• **Information supplied**:
════════════════════

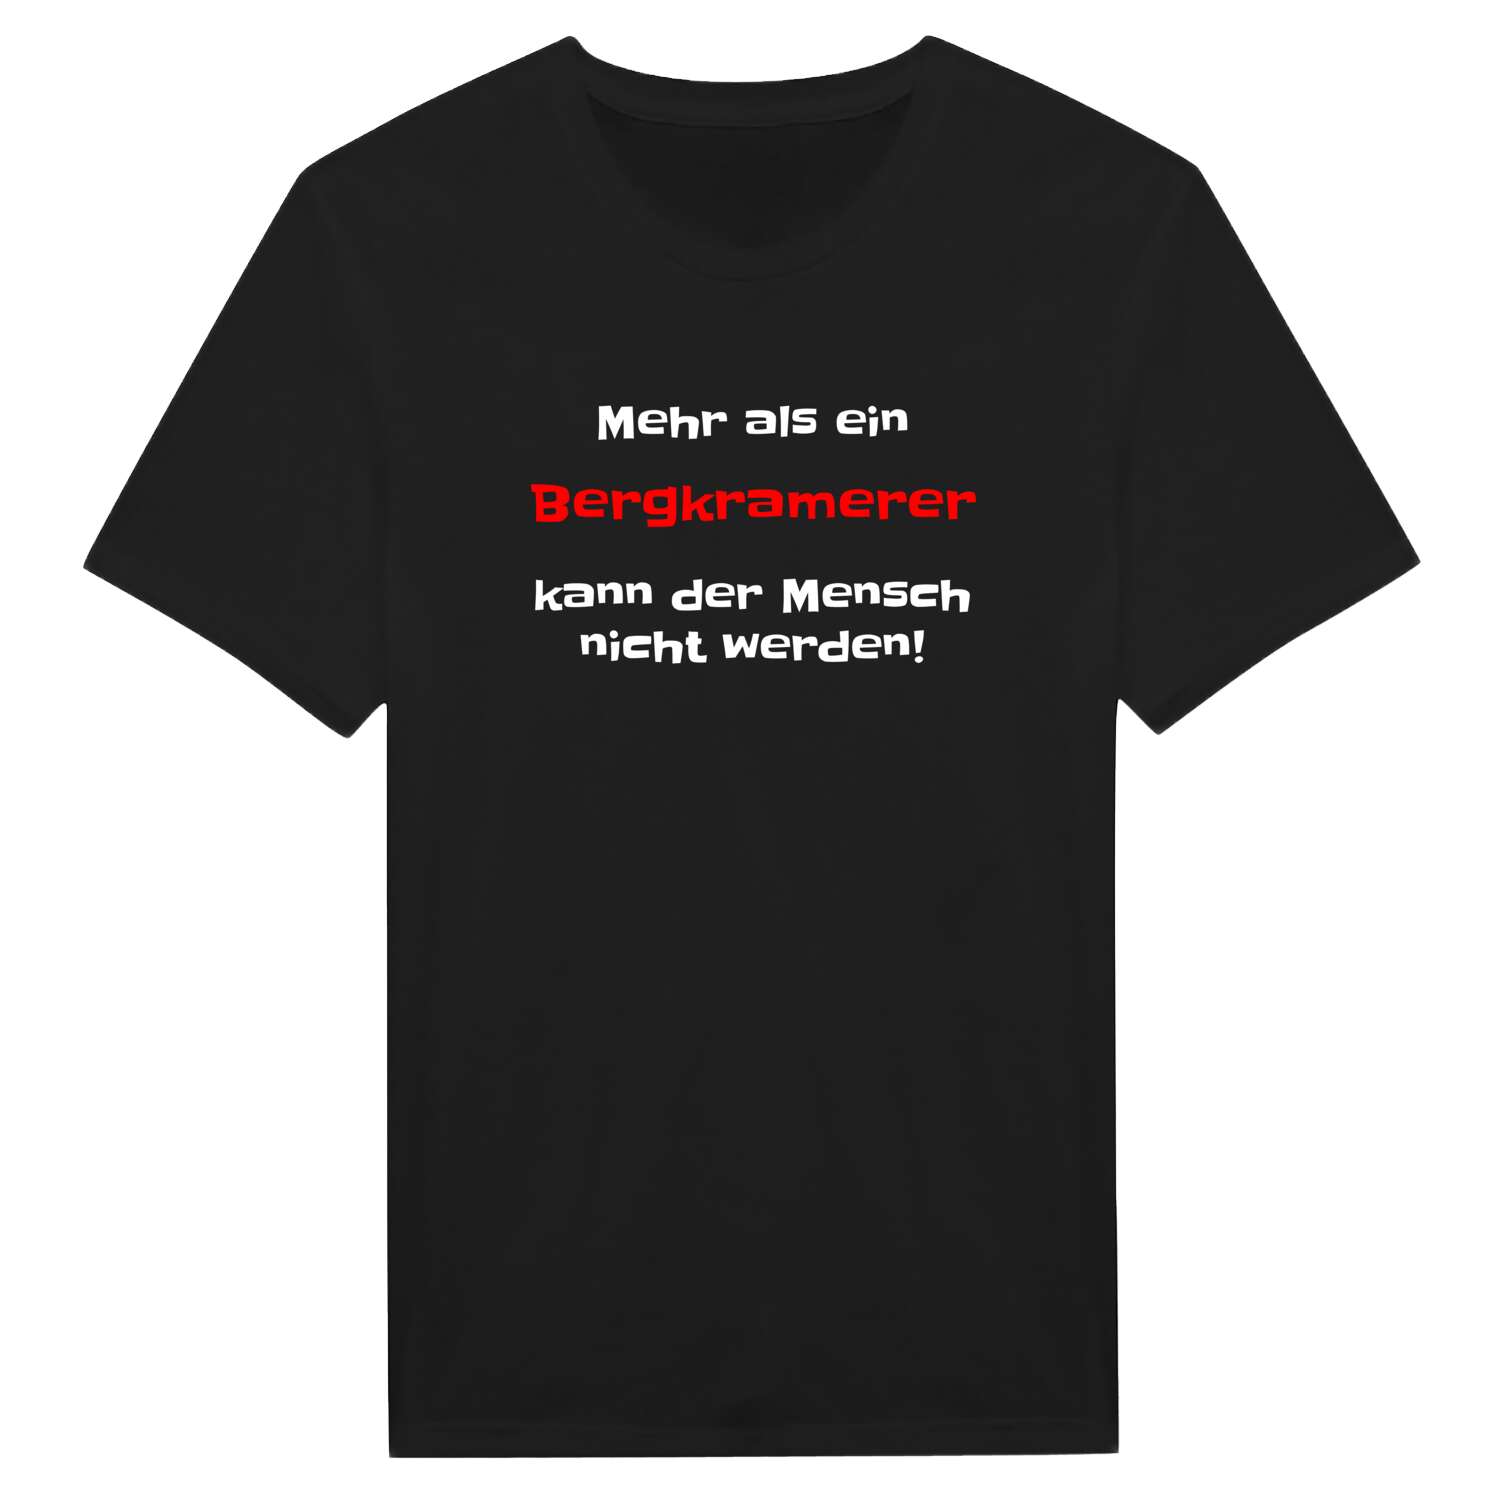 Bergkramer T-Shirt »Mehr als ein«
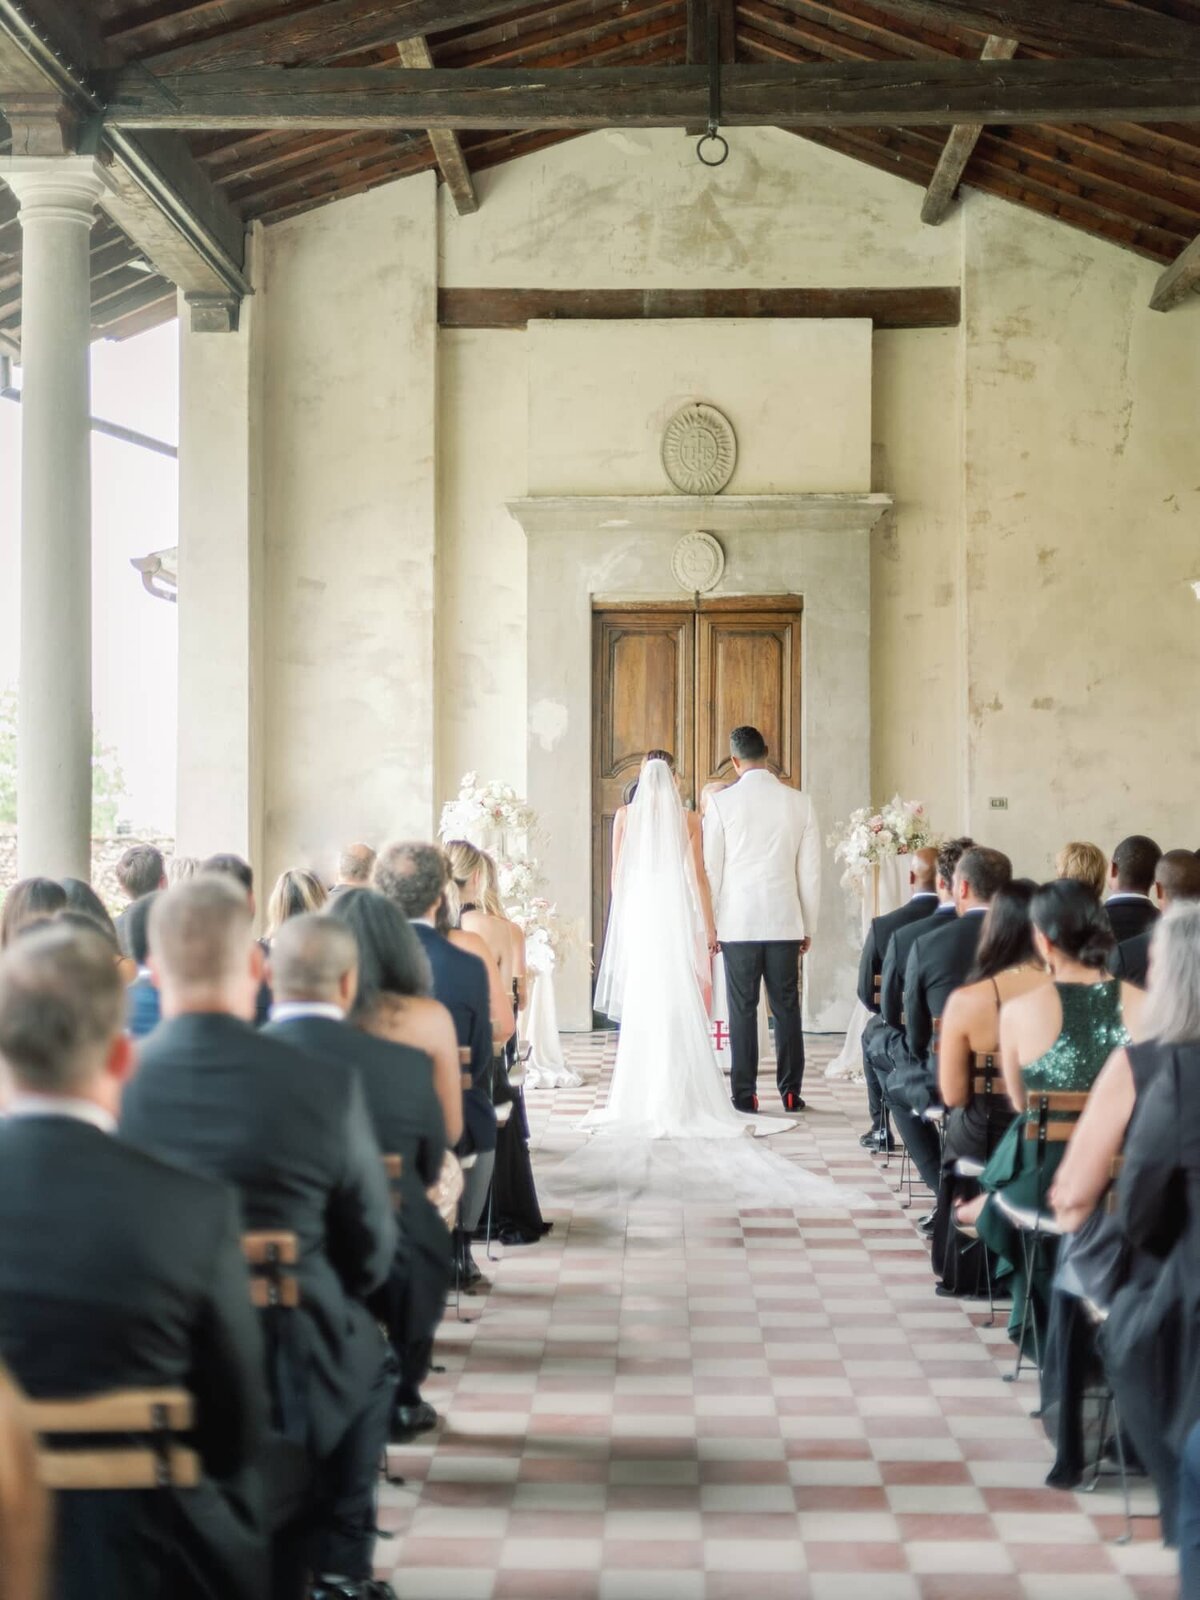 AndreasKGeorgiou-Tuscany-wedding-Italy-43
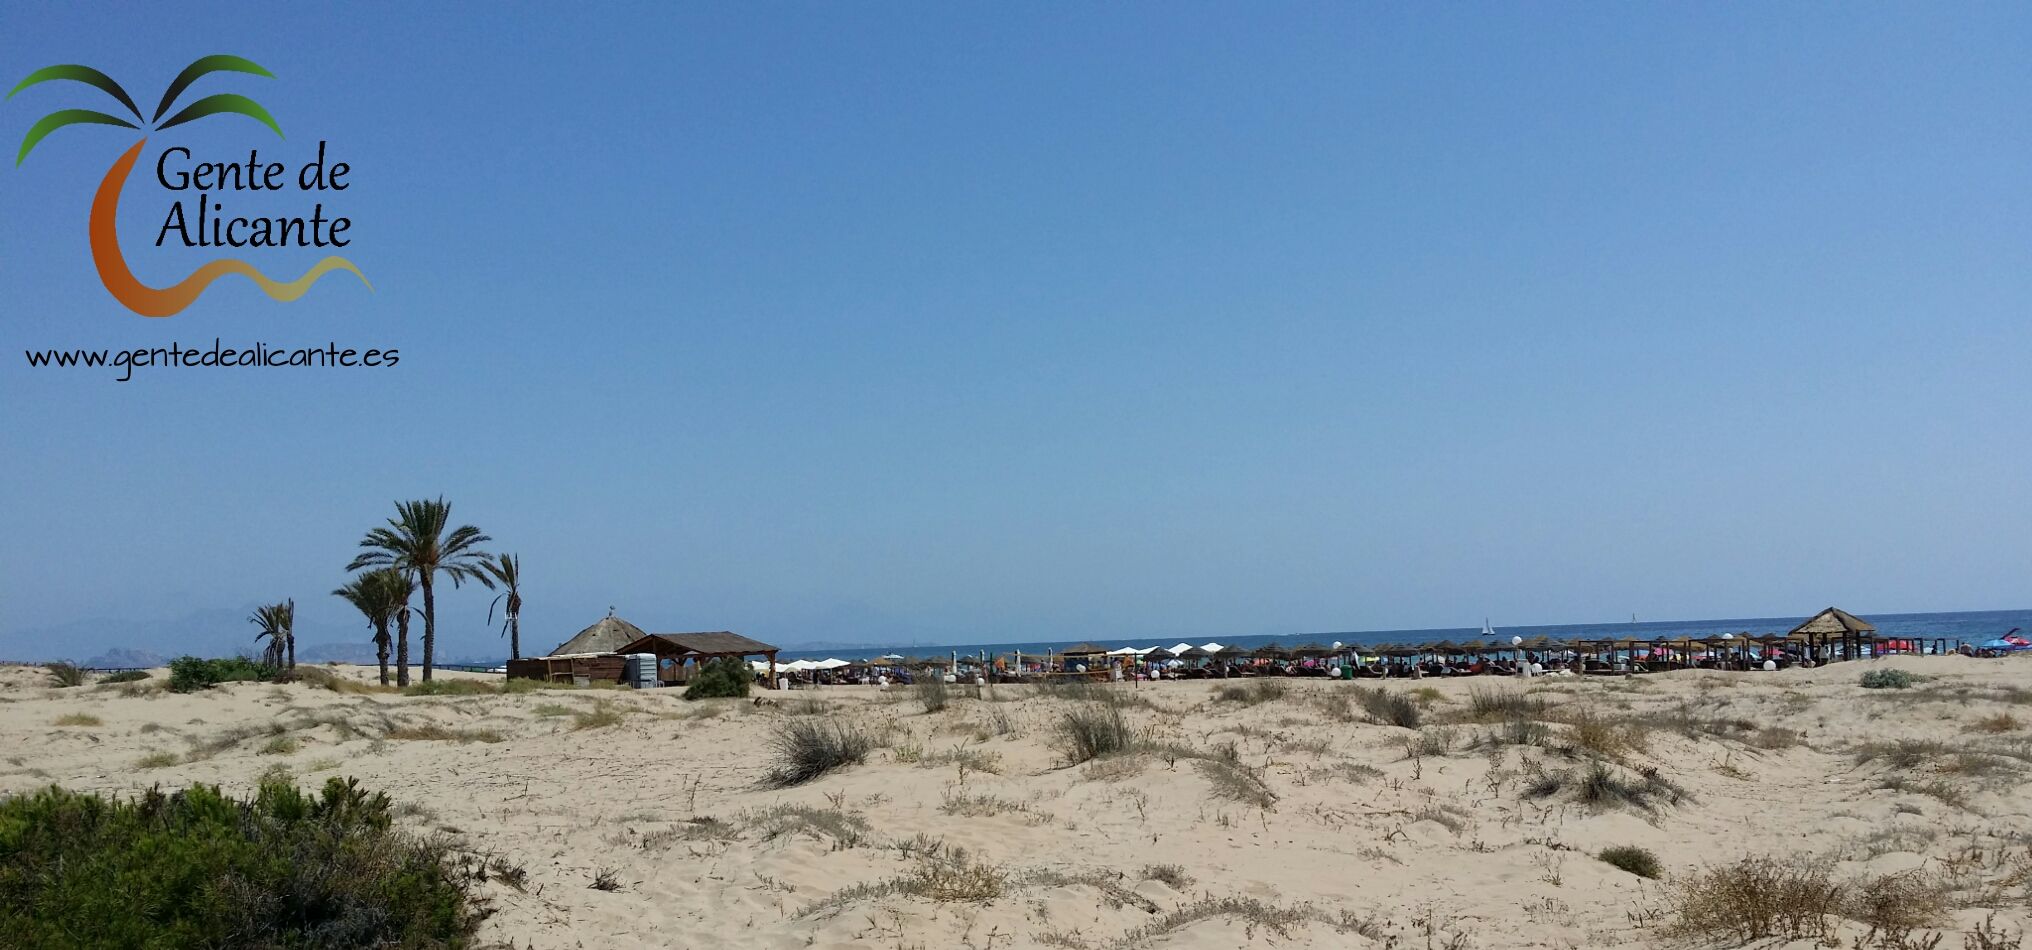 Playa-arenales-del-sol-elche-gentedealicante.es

════════════════════

• **What is expected**: The required output is an exact copy of the lines from the one with "AndreasKGeorgiou-Tuscany-wedding-Italy-43" through the final line of the data above, with pictures removed.

• **Solution for this task**:
 AndreasKGeorgiou-Tuscany-wedding-Italy-43
 Playa-arenales-del-sol-elche-gentedealicante.es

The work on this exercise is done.